C: I would say that you have to go into planning with a very flexible mindset, and really try not to let things get to you, as hard as it might be. You have to accept that you might not get the "Wedding of your dreams." You can't worry what anyone thinks of any of your decisions. Everyone we know was completely understanding, but I know wedding planning can be controversial for some couples' friends and families. You will also continuously hear people say that the most important thing is that you're getting married, which is true, but I think it's okay to be upset when your event (plans) falls through. Don't feel bad about also wanting the party and the big to-do if that's your thing!

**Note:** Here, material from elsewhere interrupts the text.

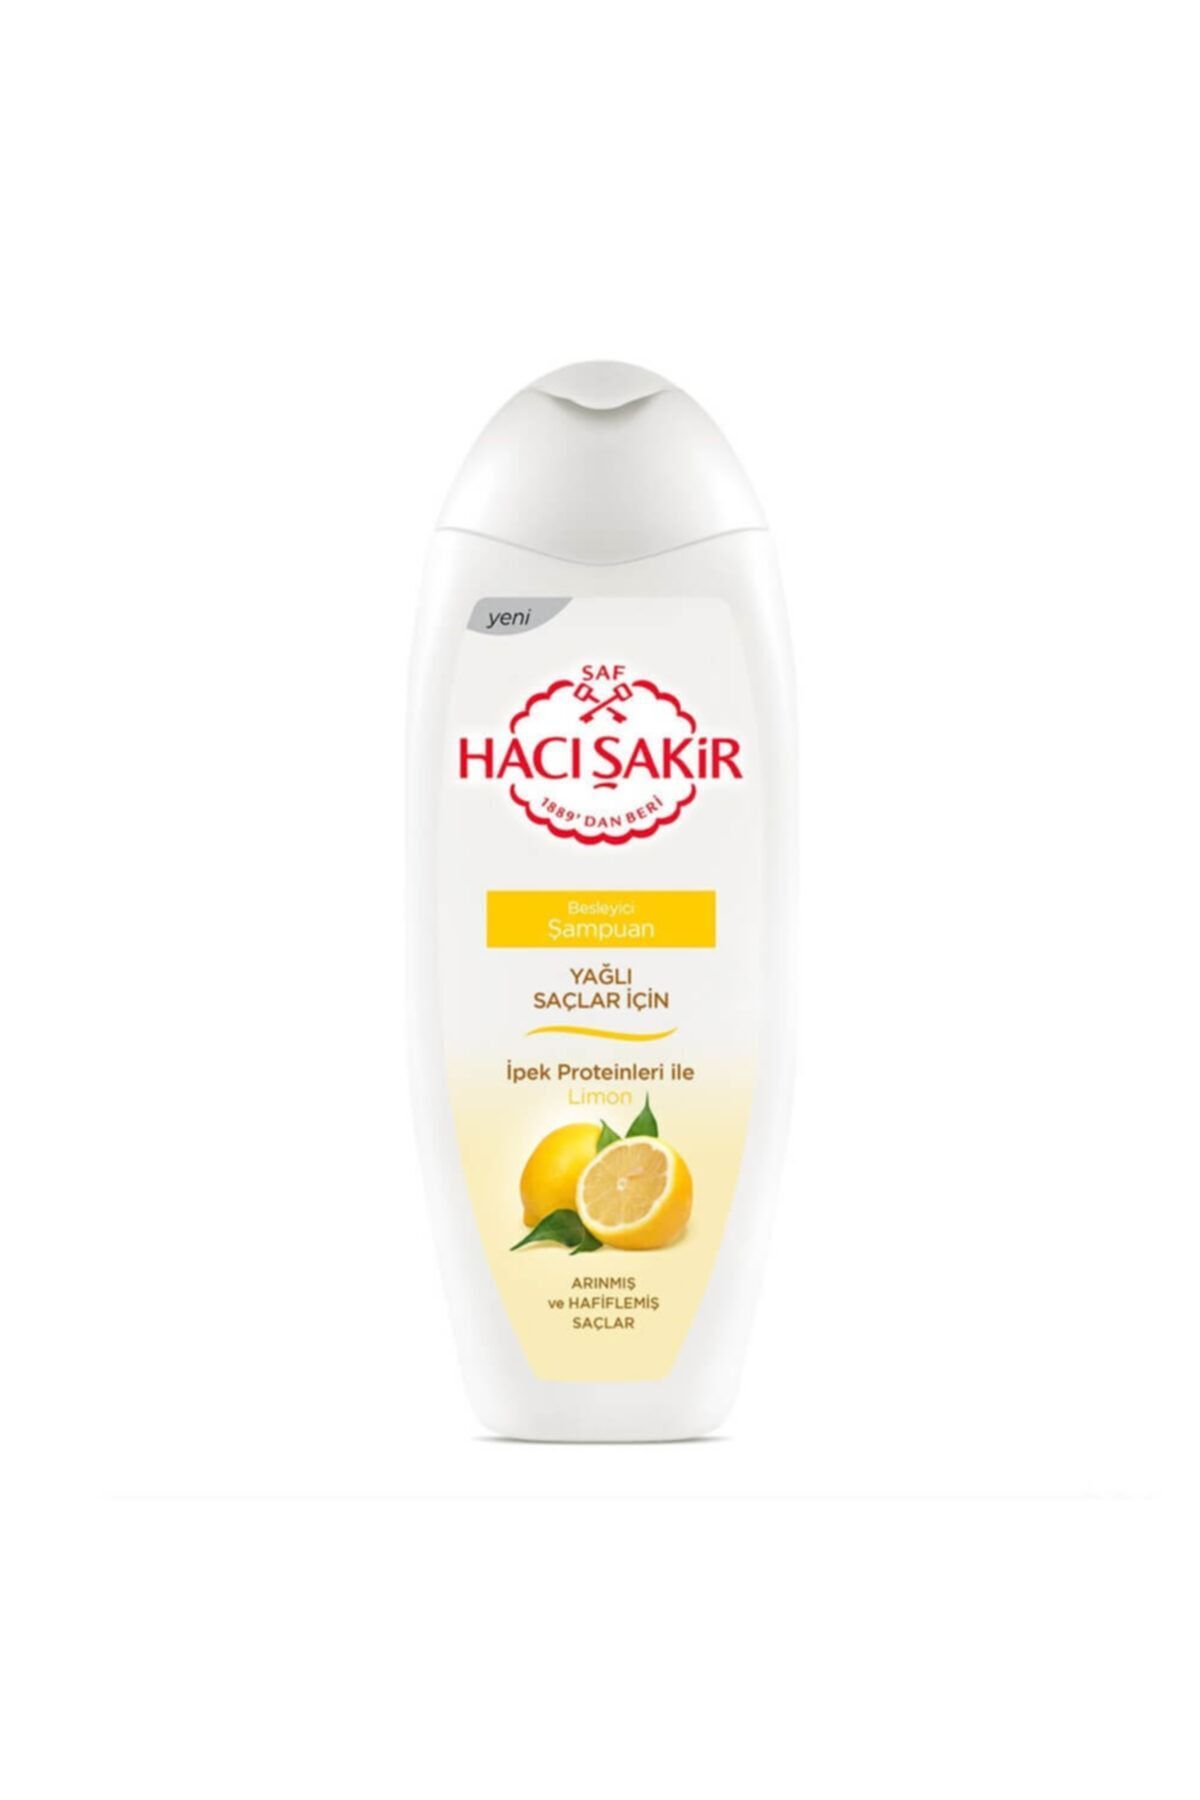 Hacı Şakir Yağlı Saçlar için Limon Besleyici Şampuan 500 ml

I would also recommend to really get your info in writing from vendors on cancellation policies and refunds. I think we were lucky in the sense that we had all this happen at the start of the pandemic when vendors may not have had policies in place so they were more forgiving. But as we are coming up to a year of these restrictions, some vendors might not be as understanding with returning funds or being flexible with rescheduling, etc.
MBPW: What was your experience like with your vendors? Hall, cake, photo, dress, etc. Can you briefly address those experiences?
C: My experience with my vendors was really great. They all moved to my second date, and then to my second location, without any issue. Exceptions of course, were the DJ and the venue, who both kept our deposits as credit that we can use until the end of 2023. My floral center pieces were unable to be refunded as they had already been ordered, so we had a ton of décor in the backyard, which really made it look beautiful. So we did end up losing some money on florals. One extra thing I will say about you, Mike, we really appreciated that you still treated this as a normal, full scale wedding and provided full photography services! (MBPW note: 💜, thank you!)
MBPW: Final thoughts?
C: It was really stressful to plan a wedding three times during a pandemic, but it ended up really amazing. I feel for anyone currently planning a wedding right now. It's an important moment in your life so it would be a shame if it wasn't something you wanted it to be. But just know, there are a ton of other couples going through the same thing, and lots of advice online on how to cope and pivot. I really hope Covid is over soon so couples can get back to planning weddings without restrictions.
If I hadn't been through some of the process with Christina and just "showed up" on her October wedding day, I wouldn't have known that what I was looking at wasn't the original plan. In other words, it looked like a classy backyard wedding. Christina and her bridesmaids did a wonderful job changing tac and adapting so quickly. Congratulations again, Christina & Chris!